# WHAT YOU ARE ASKED TO DO
An exact, complete copy of the entries below is required, minus any pictures.

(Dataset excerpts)
+++

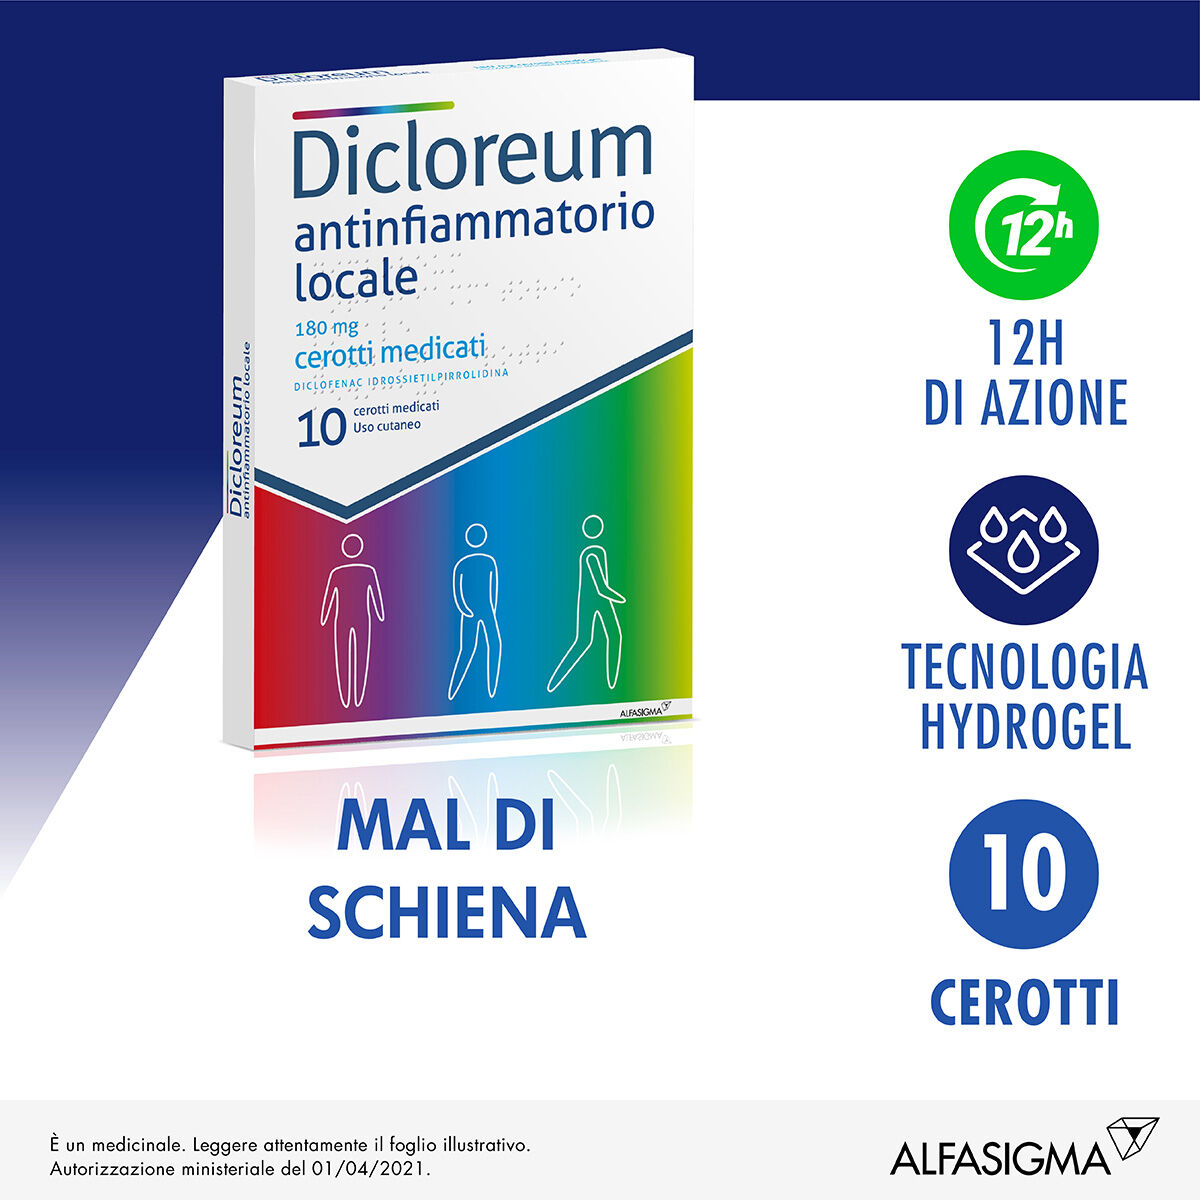 Alfasigma Spa Dicloreum - Antinfiammatorio Locale 10 cerotti medicati 180 mg
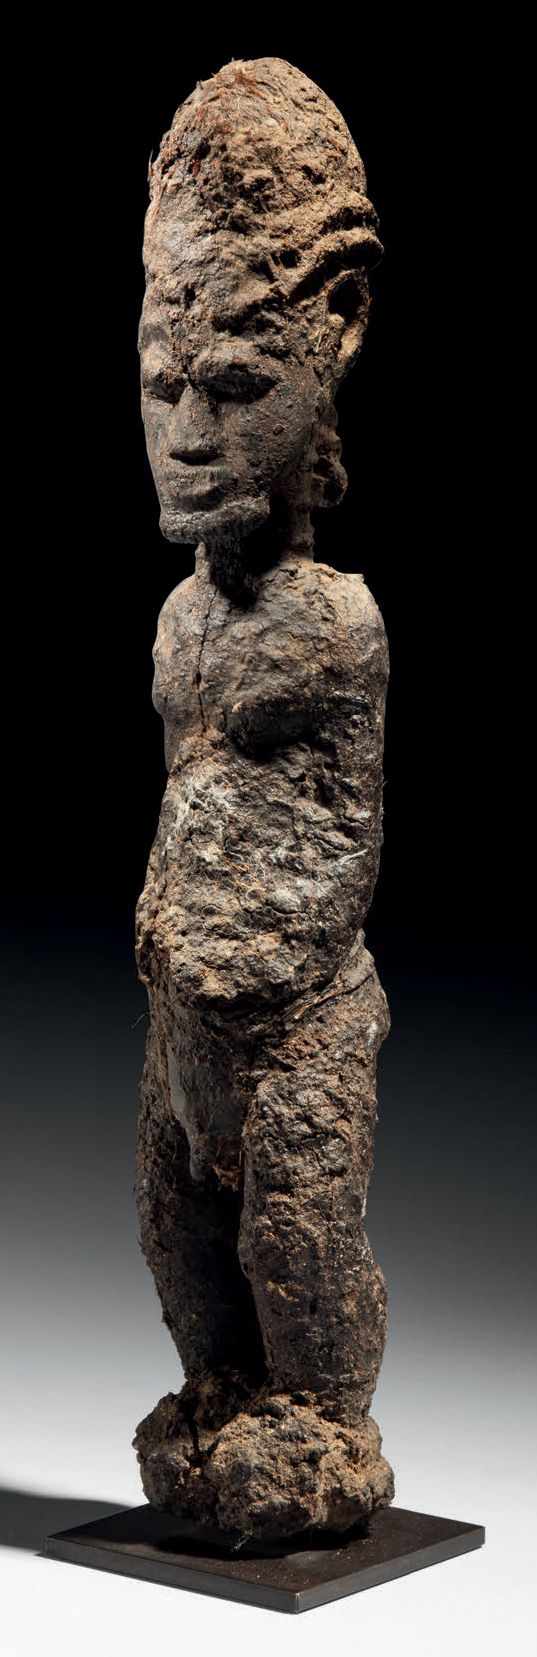 Null - BAULE STATUE, IVORY COAST
Wood
H. 38 cm
Representing a standing male figu&hellip;

+++

# COMPLETED TASK
 Alfasigma Spa Dicloreum - Antinfiammatorio Locale 10 cerotti medicati 180 mg
 Null - BAULE STATUE, IVORY COAST
Wood
H. 38 cm
Representing a standing male figu&hellip;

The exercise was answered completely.